For example, in the latest batch of data, I found the following issues:
- Euro Index (CU_0_I0B) - there is a jump at 1998-01-04 from 0.6 to 1.2 in the unadjusted close (RawCl)
- US Dollar Index (DX_0_I0B) - RawCl is 1/10 of the correct value for half the series
- Nasdaq Composite (ND_0_I0B) - RawCl is a factor 10 too large for the entire series
- Lean Hogs (LH_0_I0B) - 5 roll-overs exceed 20% price changes
- Natural Gas (NG20_I0B) - 5 roll-overs exceed 20% price changes
- US Bond (US_0_I0B) - Panama adjustment changes within the same contract month
This list is by no means exhaustive. Obviously a data cleaning process is required before any analysis can be completed:
So far, issues seem to fall into five catagories:
- Explainable and fixable issues such as that in the Euro series caused by splicing D-Mark to Euro series
- Fixable errors such as those found in the DX and ND data series - there is an easily identifiable pattern that can be reversed
- Errors that amount to noise such as those in the US Bond series - easy to find, of very small magnitude, but annoying to have.

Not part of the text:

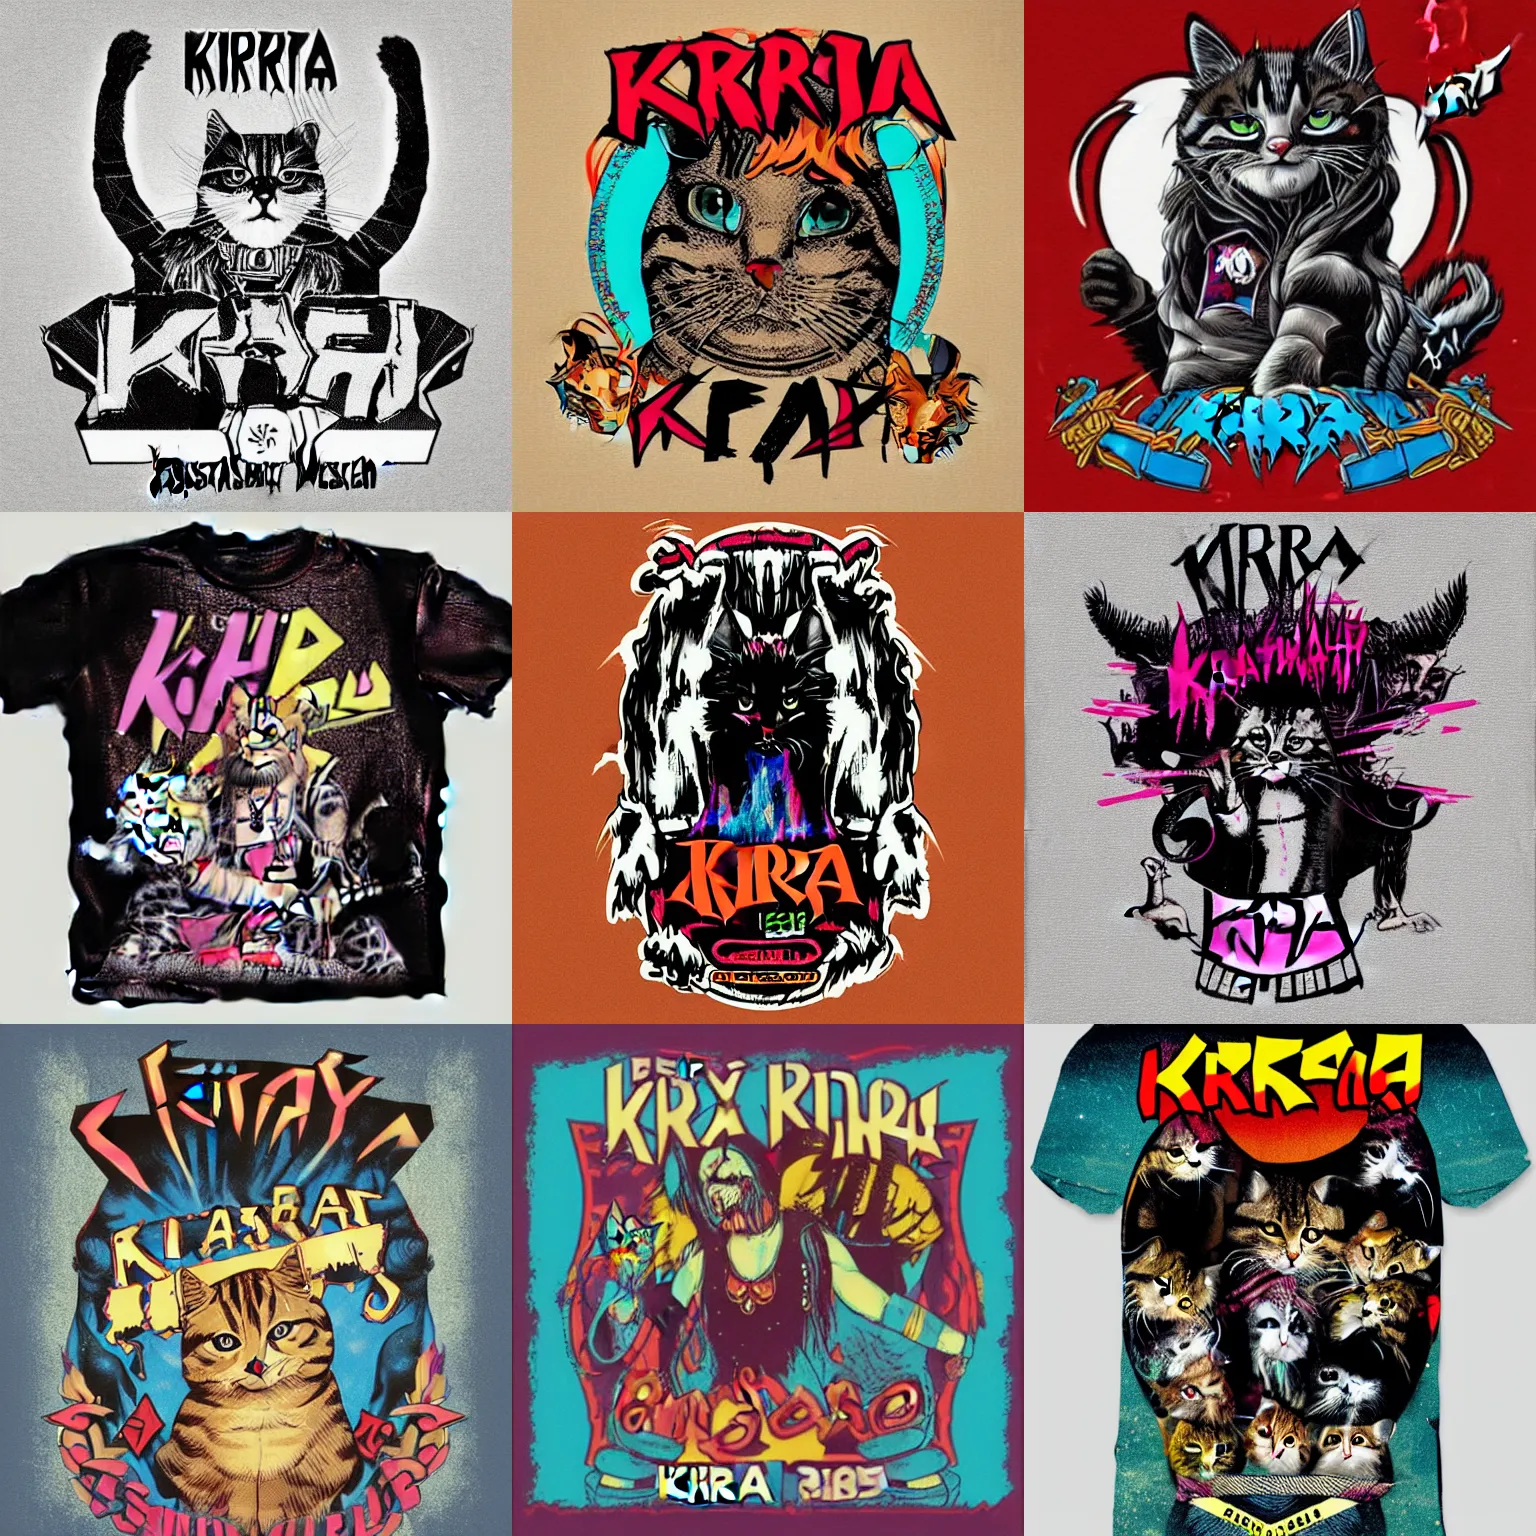 Prompt: 80s concert T-shirt design for heavy metal band “Kira” featuring tabby cat “Kira”, masterpiece, trending on artstation

- Genuinely unusual data points that are internally consistent such as LH and NG (OHLC all make sense, Panama adjustment is stable, etc)
- Errors I cannot find but are surely there - these are the ones I fear most. These are the ones that, hopefully, will be reduced by gradually improving my Validation Script.
So far, my checks are very limited:
- Check that the panama adjustment only changes on the day of a contract roll.
- Check that, on a roll, the daily change does not exceed a threshold.
- Check that, outside of a roll, the daily change does not exceed a threshold.
I will do some searching to find additional data validation steps to improve the quality of the raw data I am using for analysis.